By Alasdair Macleod, Head of Research, GoldMoney
Now we know: The Fed is going to purchase $75bn of assets, a reduction of $10bn a month. The two other bits of information that came from the FOMC meeting were that purchases of US Treasuries and mortgage bonds are to be cut by $5bn each, and interest rates will be held at zero for even longer. And to justify zero interest rates, the unemployment target is being shifted from 7% to 6.5%.
In my opinion the Fed showed through its FOMC statement yesterday it has little control over events, something that should dawn on markets in the coming days. To debate this we must put aside the question as to whether or not quantitative easing is sensible in the first place and only focus on this FOMC compromise.
There is an argument that any reduction in QE should be confined to purchases of Treasuries, because the budget deficit is reducing and the market probably needs more of this paper for collateral purposes.
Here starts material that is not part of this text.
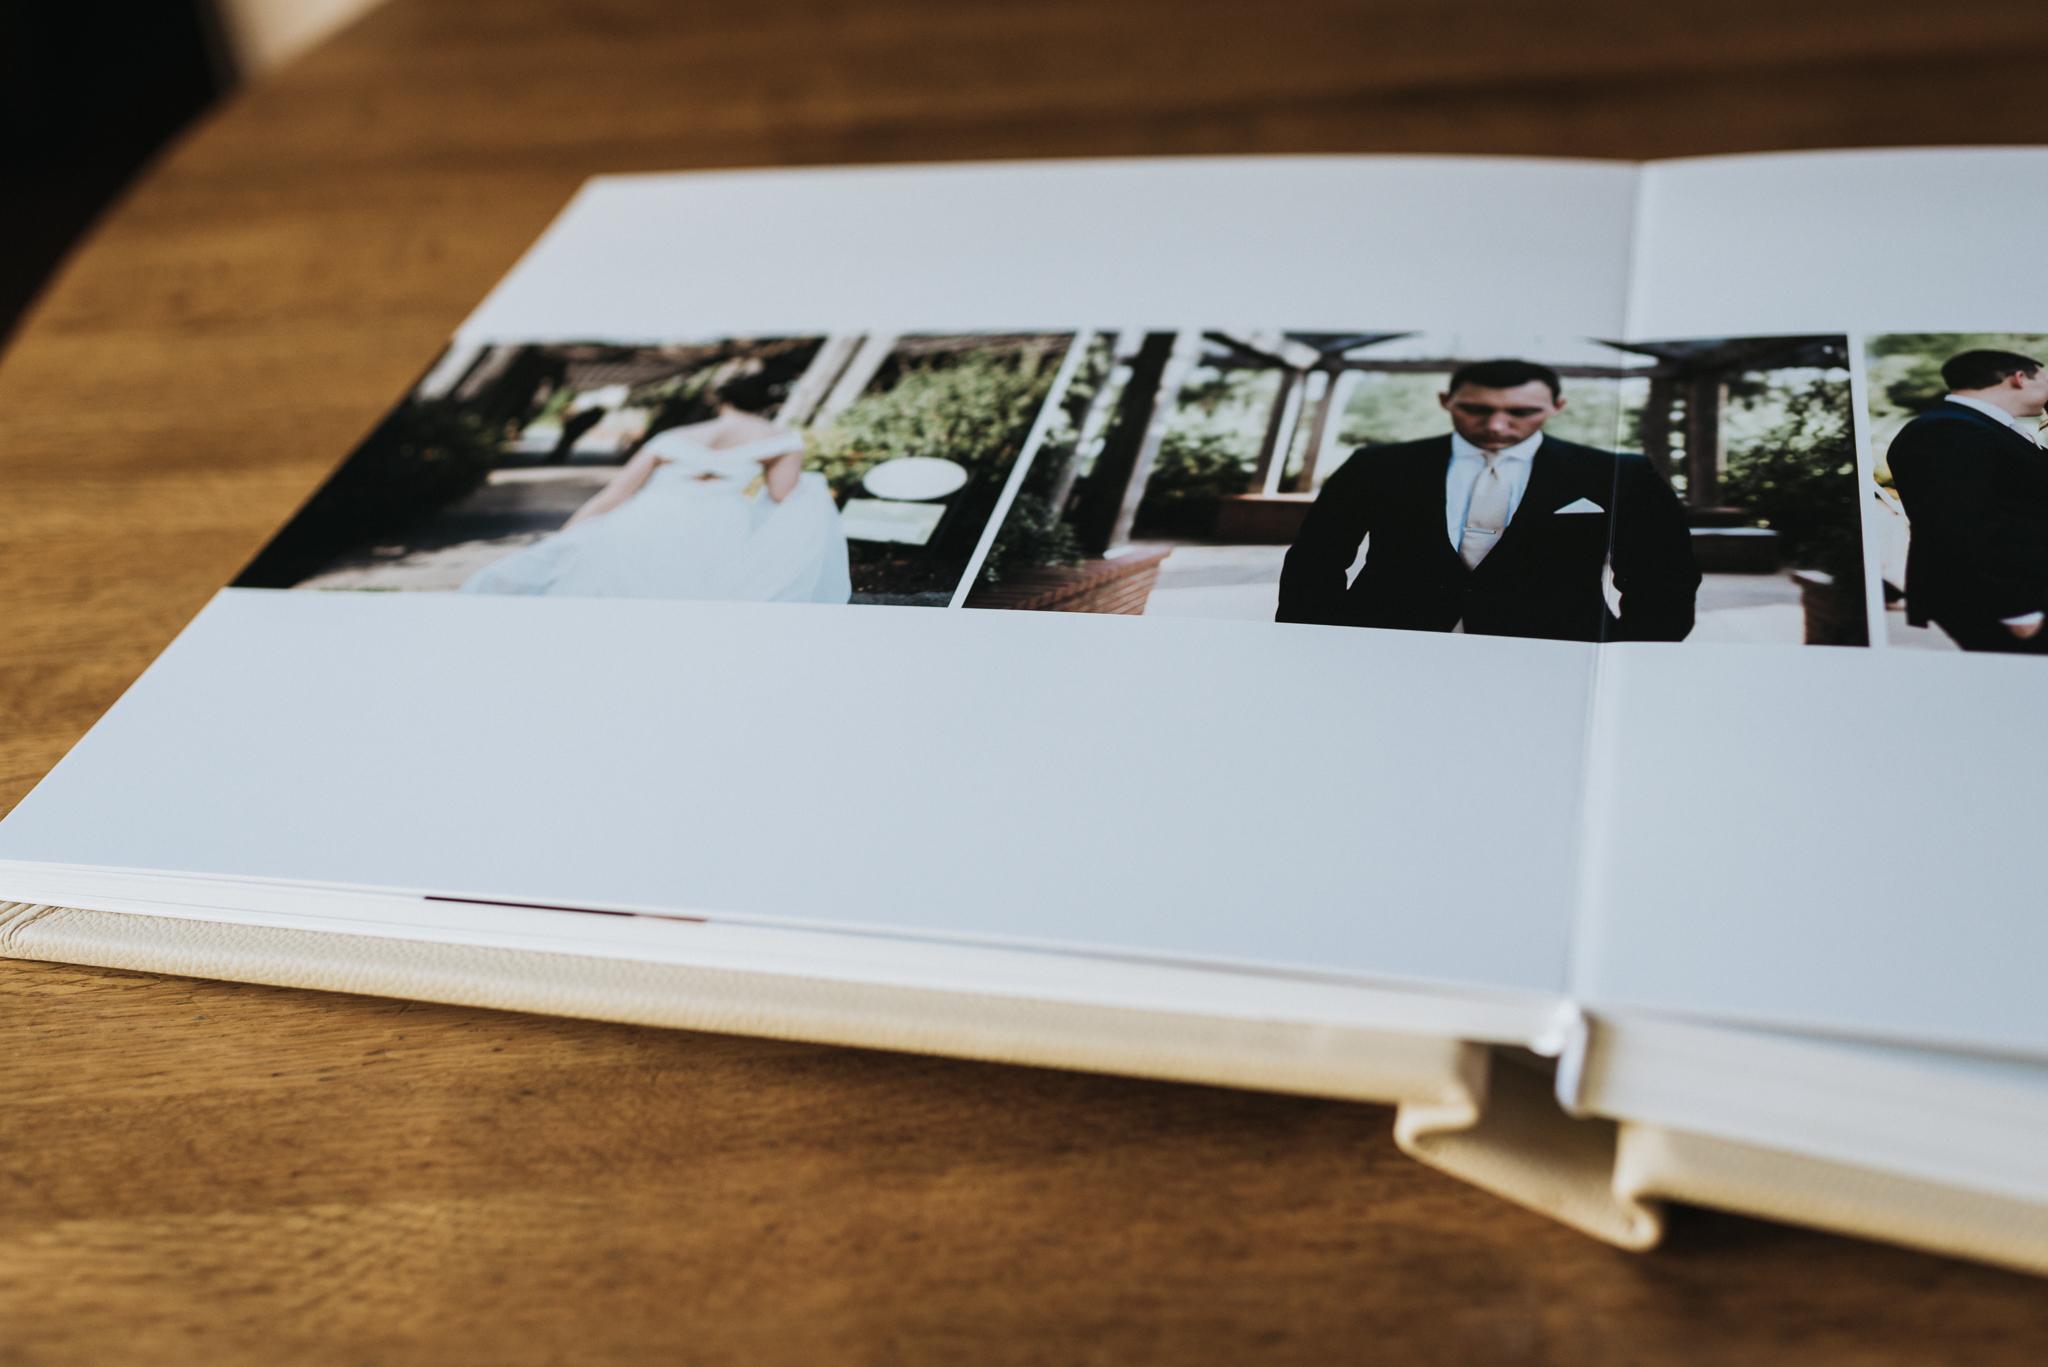 Open wedding album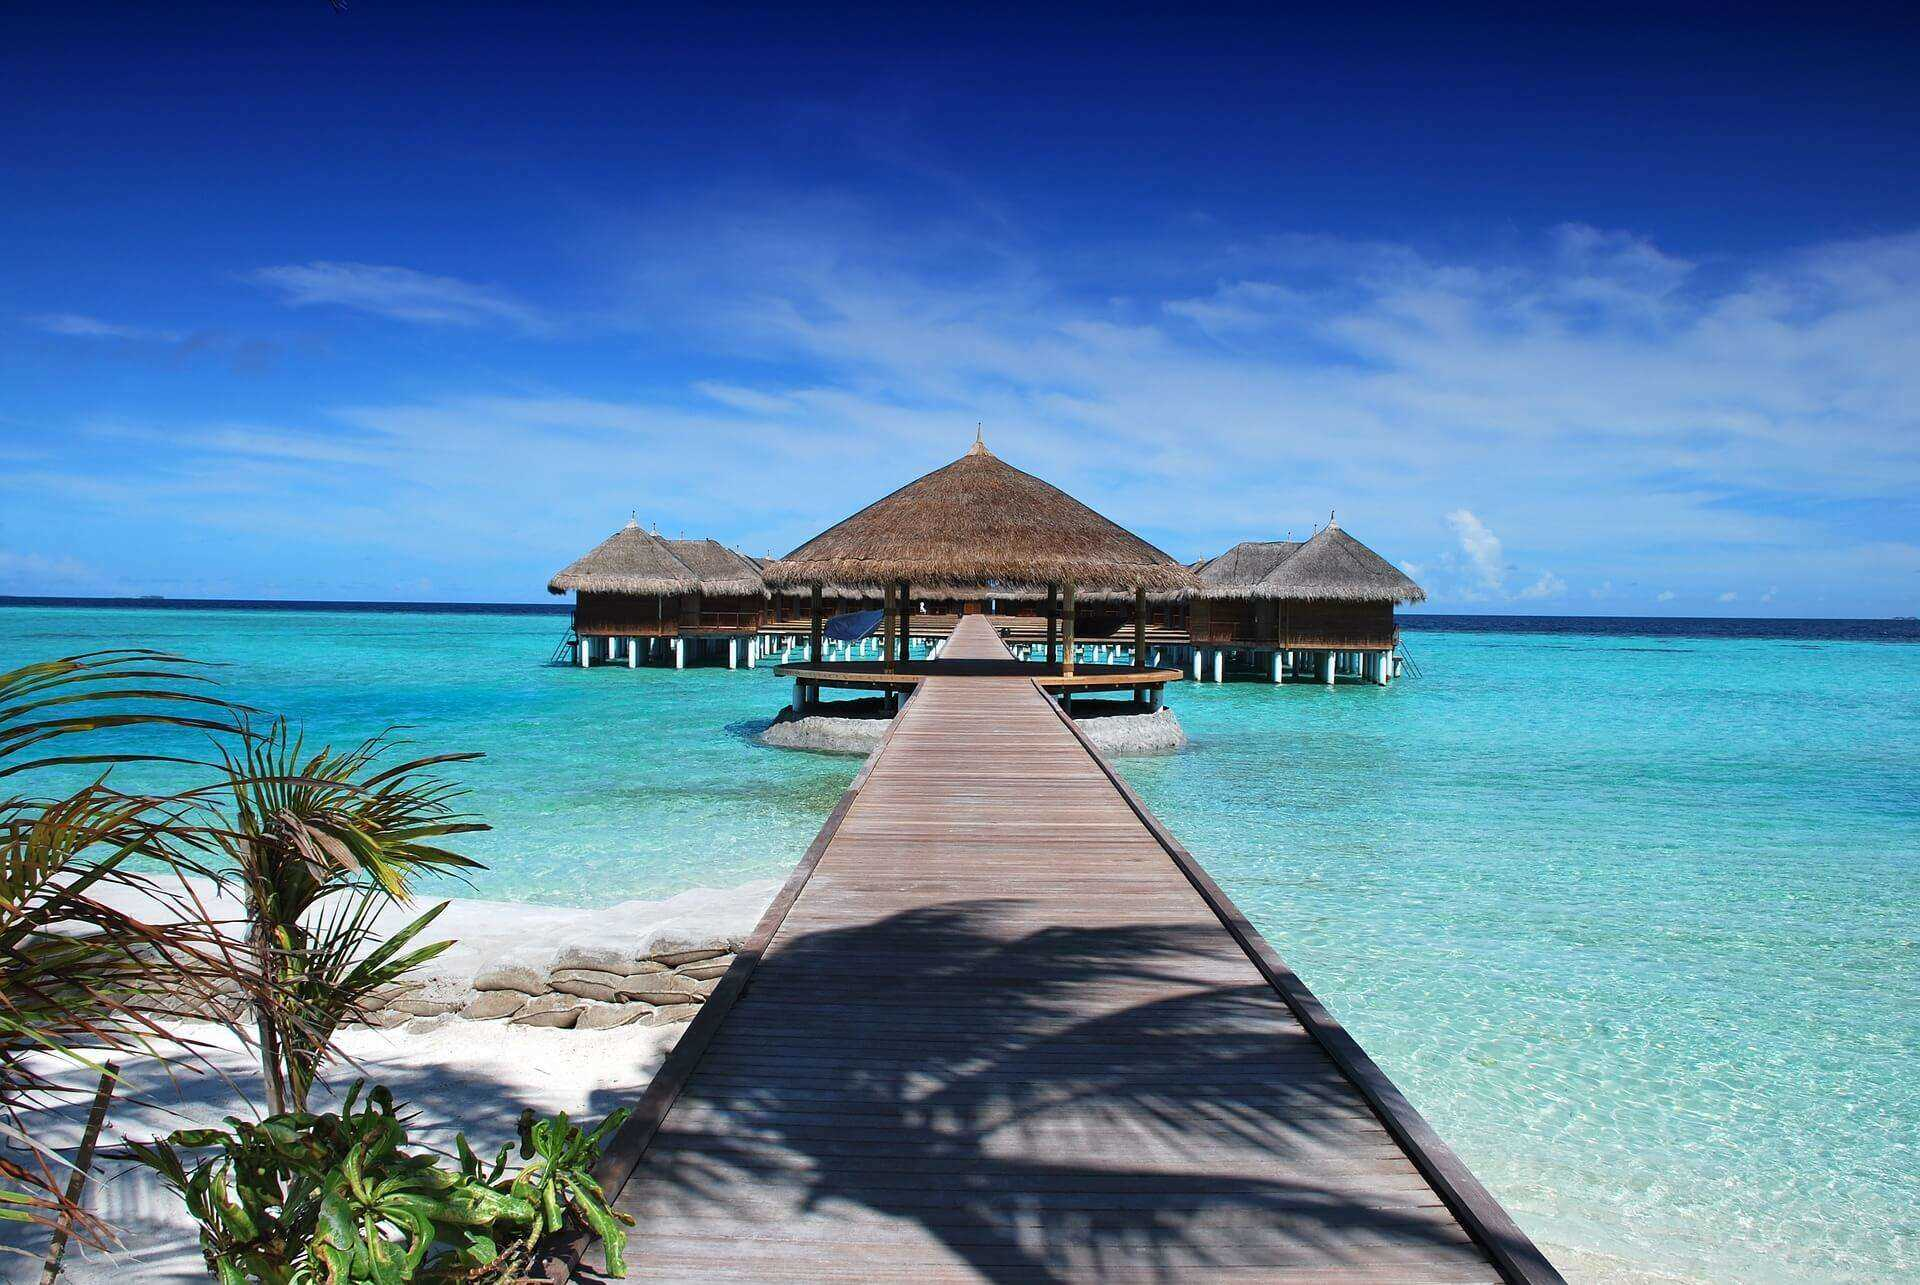 Direktflüge nach Male (Malediven)

If that argument had been presented it would have made sense and the Fed’s stock would have likely soared. Instead the tapering is to be split between mortgage bonds and Treasuries, which suggests a “pluck a figure out of the air” approach rather than a more reasoned one. The scale of tapering is in the lower range of expectations, so presumably was intended to be market-neutral. This tells us that the FOMC probably came to its decision based on what was expected of it rather than from a sense of conviction that the policy is correct. But the greater inconsistency is over forward interest rate guidance.
When a central bank holds interest rates below their natural market level, it stands there to provide however much liquidity is required to keep the rate suppressed. This in practice is the result of a number of factors including overall demand for money, and on the supply side changes in the quantity of narrow money, bank credit expansion and required reserves. QE is one form of this liquidity, and the extent to which QE is reduced must be compensated for by other means if interest rates are going to be kept at the target level.
This simple fact makes changes in QE meaningless in the broader monetary context, and on this vital point the Fed keeps silent. Instead it attempts to offset the deflationary implications of tapering by increasing its commitment to zero interest rate policy (ZIRP) and for longer. We are left wondering how long it will be before this contradiction is generally understood. Furthermore, those that link QE to prospective prices for gold and silver are ignoring the commitment to interest rates and are effectively pushing a one-sided argument.
It is not just precious metals that are mispriced. Government bond yields, particularly for the weaker eurozone states do not reflect credit risk. Equity markets are priced on the back of ZIRP. Fixed assets, particularly housing and motor vehicles are being financed on the back of this unreality. The important point is not tapering, but that ZIRP continues indefinitely.